Mekanisme patogenetik sensitivitas aspirin tidak sepenuhnya dipahami tetapi mencakup
metabolisme abnormal arakhidonik yang menambahkan jalur siklooksigenase dan lipoksigenase. Hal ini
menyebabkan kelebihan produksi leukotrien sisteinil proinflamasi dan prostaglandin D2 dan pengurangan
produksi prostaglandin anti inflamasi E2 • Penyimpangan ini menyebabkan radang saluran napas
eosinofilik atas dan bawah (42). Perubahan ini telah ditunjukkan di NP. Sebagai contoh. Gen enzim
pembentuk leukotriene diregulasi di jaringan NP dengan peningkatan konsentrasi sisteinilleukotrien (43).
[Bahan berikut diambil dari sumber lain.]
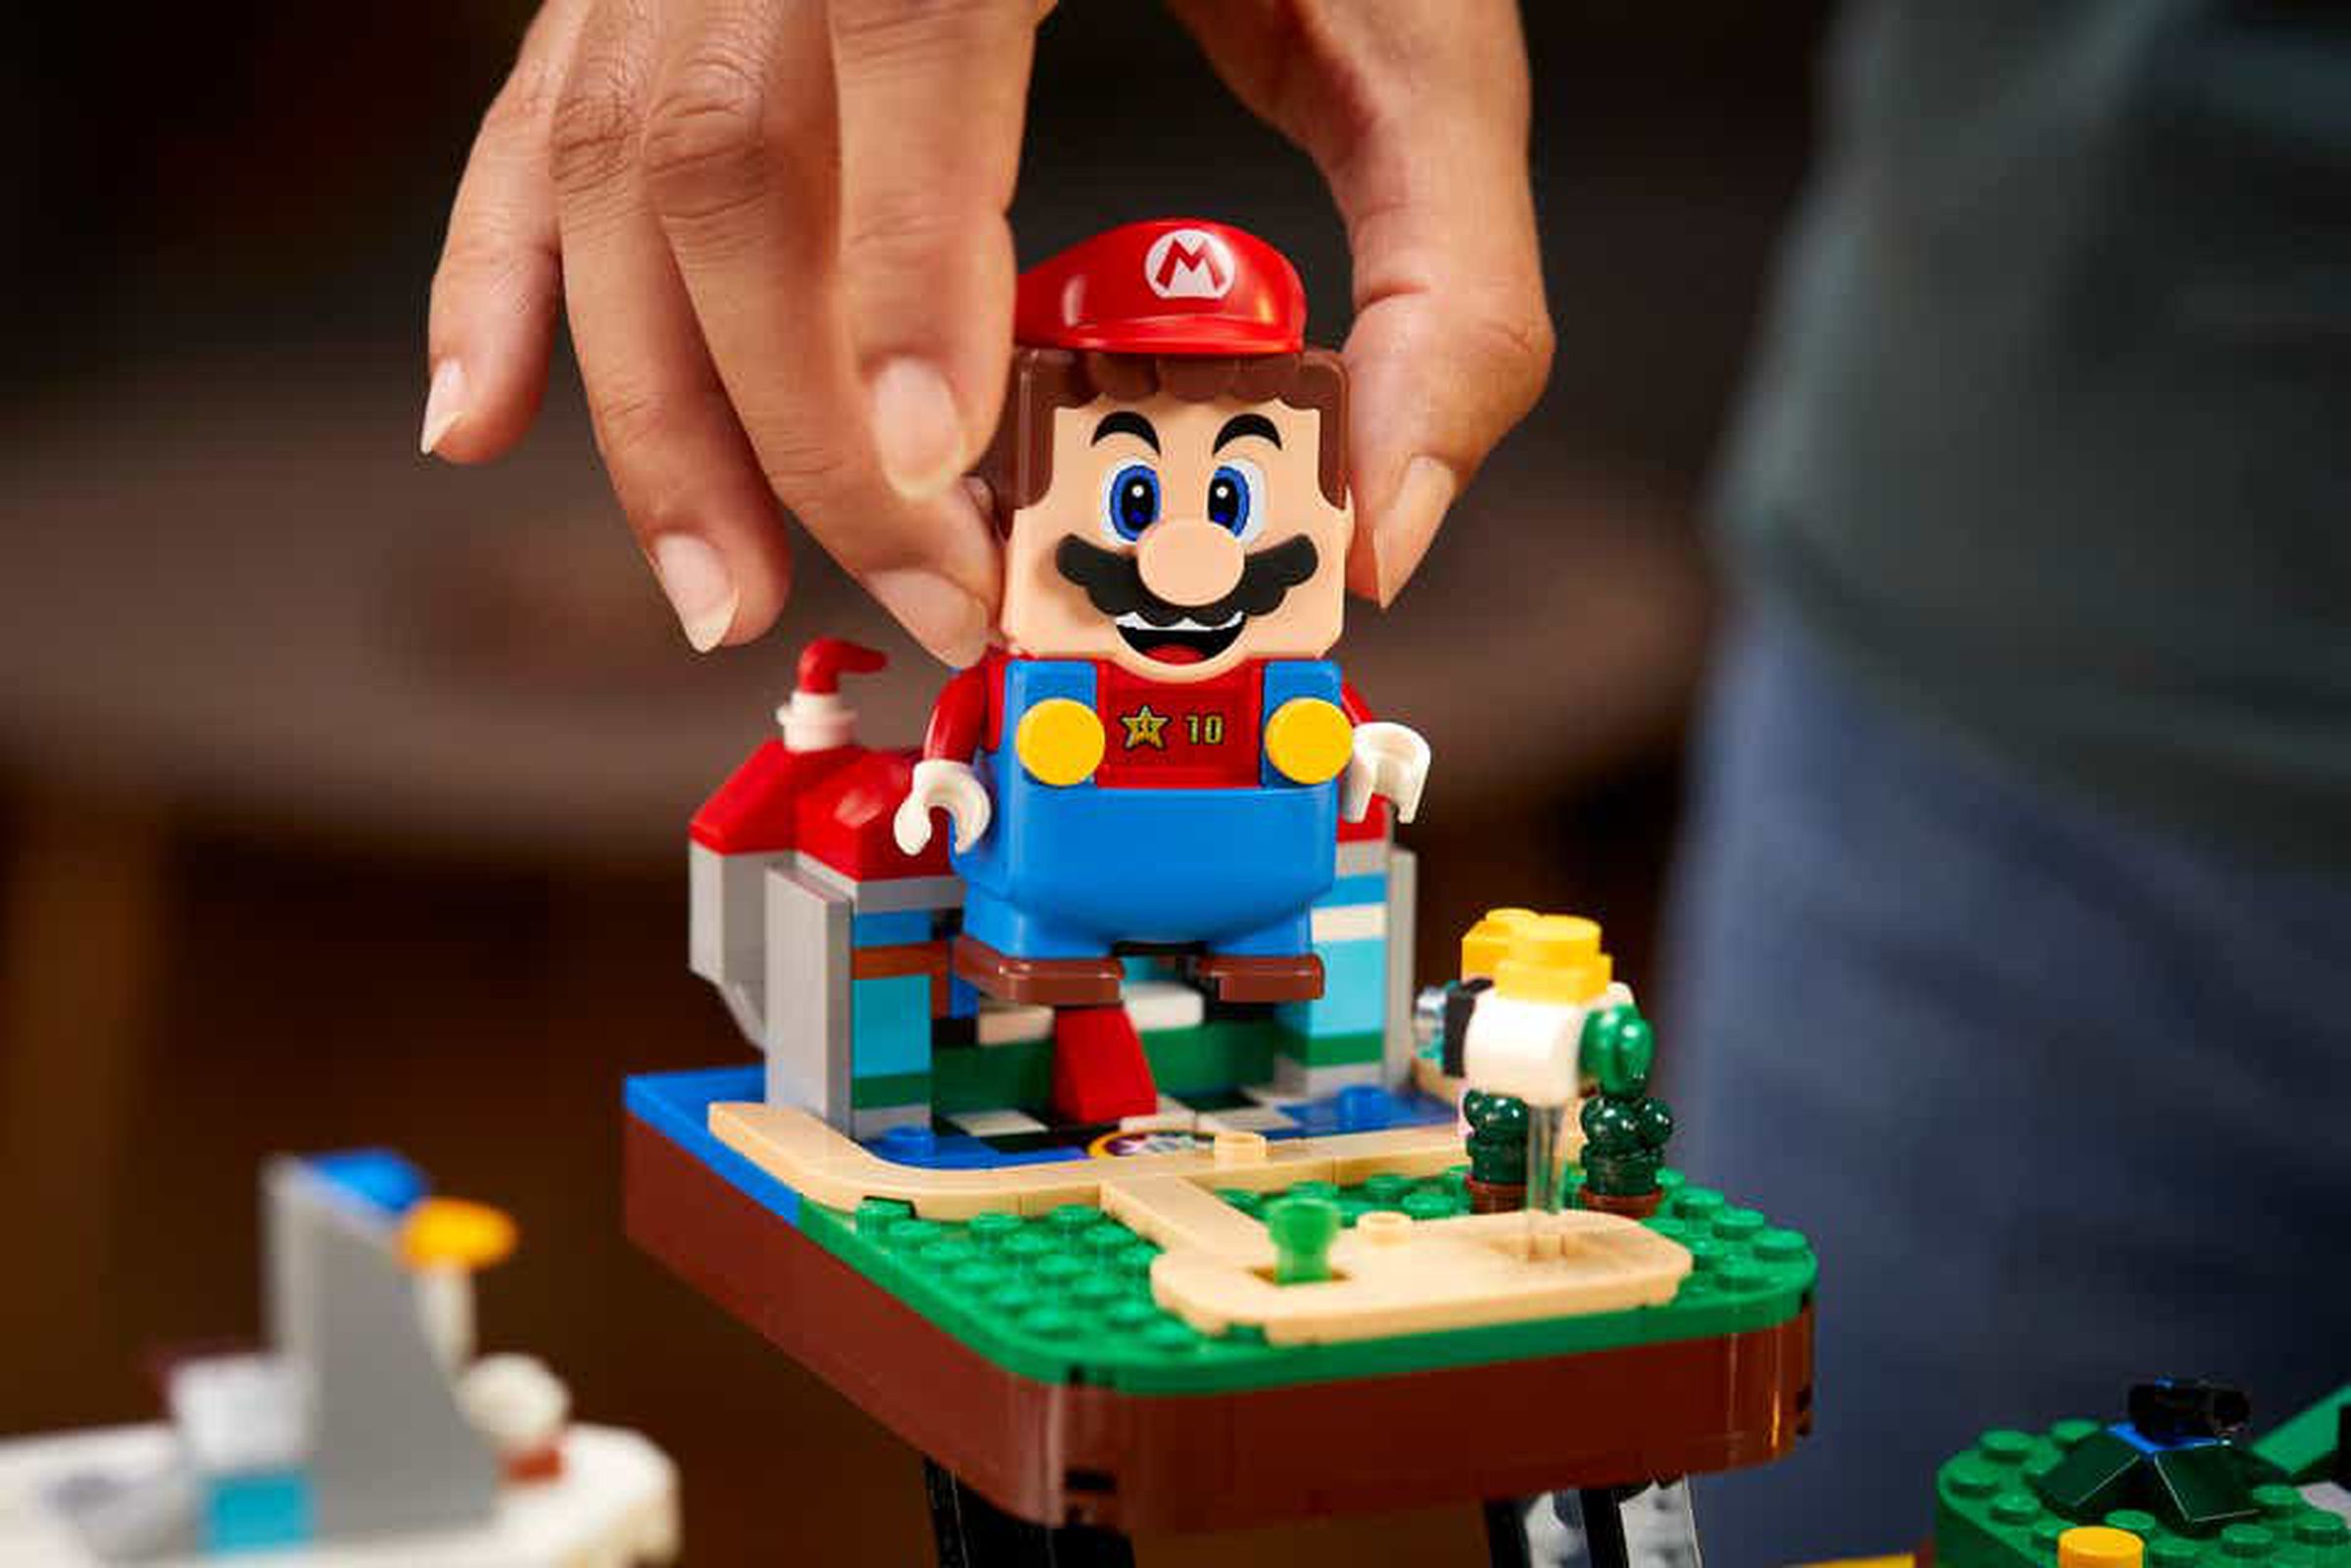 Lego’s previous Mario figures work with the new set.
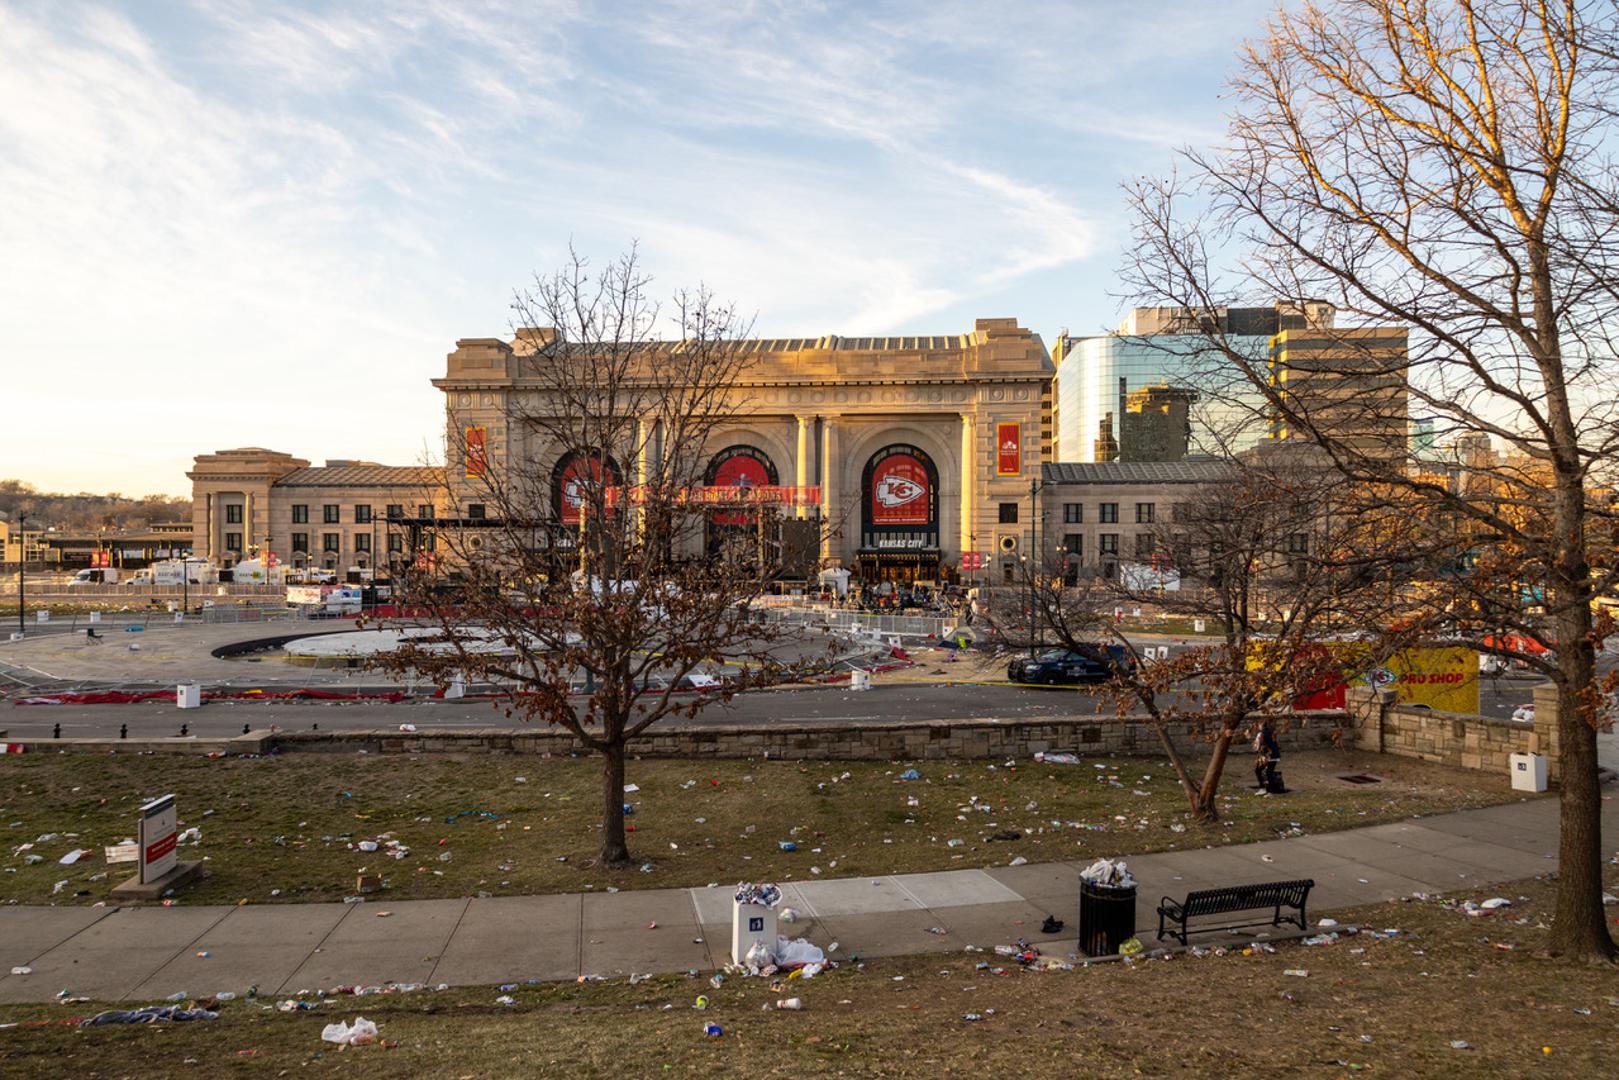 (240215) -- KANSAS CITY, Feb. 15, 2024 (Xinhua) -- This photo taken on Feb. 14, 2024 shows the site following a shooting in Kansas City, Missouri, the United States. At least one person was killed and 22 were injured as gunfire erupted during the Kansas City Chiefs' Super Bowl victory parade in Kansas City, U.S. state of Missouri, Stacey Graves, chief of the Kansas City Missouri Police Department, said at a news conference on Wednesday afternoon. (Photo by Robert Reed/Xinhua) Photo: Robert Reed/XINHUA

Sementara AERD memiliki spektrum keparahan, pasien ini umumnya merasa memiliki bentuk
penyakit yang sangat parah yang sulit ditangani (44). Pasien yang peka terhadap aspirin lebih cenderung
memerlukan beberapa operasi endoskopi untuk mengelola penyakit mereka (45). Penatalaksanaan terdiri
dari pengubah leukotrien (montelukast, zafirlukast, dan zileuton), kortikosteroid topikal atau sistemik,
operasi sinus endoskopik, dan desensitisasi aspirin.

10. CYSTIC FIBROSIS

CF adalah penyakit resesif autosomal yang disebabkan oleh mutasi gen CFfR pada kromosom
7q31. Defek molekuler menyebabkan saluran klorida yang rusak dan peningkatan viskositas lendir pada
saluran pernapasan, dan hiperviskositas lendir menyebabkan disfungsi parah pembersihan mucodliary di
rongga sinonasal dengan infeksi sekunder, pembengkakan, penyumbatan sinus, dan pembentukan polip.
Sinusitis infeksius, biasanya karena Pseudomonas dan S. aureus, menyebabkan akumulasi DNA dari
neutrofil yang direkrut ke jaringan yang terinfeksi semakin meningkatkan viskositas sekresi. Sampai 5%
populasi Kaukasia membawa gen tersebut, dan satu dari 20.000 bayi terkena dampaknya. Poliposis nasal
jarang terjadi pada anak-anak tetapi mungkin ada pada 5% sampai 86% anak CF (gysin). Intinya semua
pasien dengan CF mengalami peradangan sinus apakah mereka bergejala atau tidak. Menariknya,
konsekuensi sinonasal dari mutasi CF mungkin tidak terbatas pada homozigot dengan dua gen abnormal.
Dalam studi kasus kontrol, 7% pasien CRS mengalami mutasi CF, sementara kontrol non-CRS memiliki
tingkat mutasi 2% satu alel (46). Dalam penelitian lain (47), 53% CF carrier melaporkan CRS sendiri.
Temuan ini menunjukkan bahwa pada beberapa pasien, heterozigositas untuk gen CF dapat menjadi
faktor pendukung dalam pengembangan CRS. Tujuan pengelolaan medis dan bedah CRSNP pada pasien
CF diubah oleh proses penyakit. Mukosa sinonasal biasanya gagal dinormalisasi setelah perawatan medis
dan bedah yang tepat (48,49). Pembedahan pada CF CRS diindikasikan untuk poliposis refrakter secara
medis dengan penyumbatan hidung, eksaserbasi paru yang berhubungan dengan sinusitis, untuk
memperbaiki kesehatan sinus dalam mengantisipasi transplantasi, dan untuk mucoceles. Pola rinosinusitis
juga menyebabkan perubahan anatomis yang sering terjadi seperti perpindahan medial dinding nasal
lateral, demineralisasi hipoplasia tanpa ikatan, frontal dan sphenoid, dan pembentukan mucocele.
Sinusitis kronis di CF terkenal karena kekambuhan dan refraktori terhadap pengobatan.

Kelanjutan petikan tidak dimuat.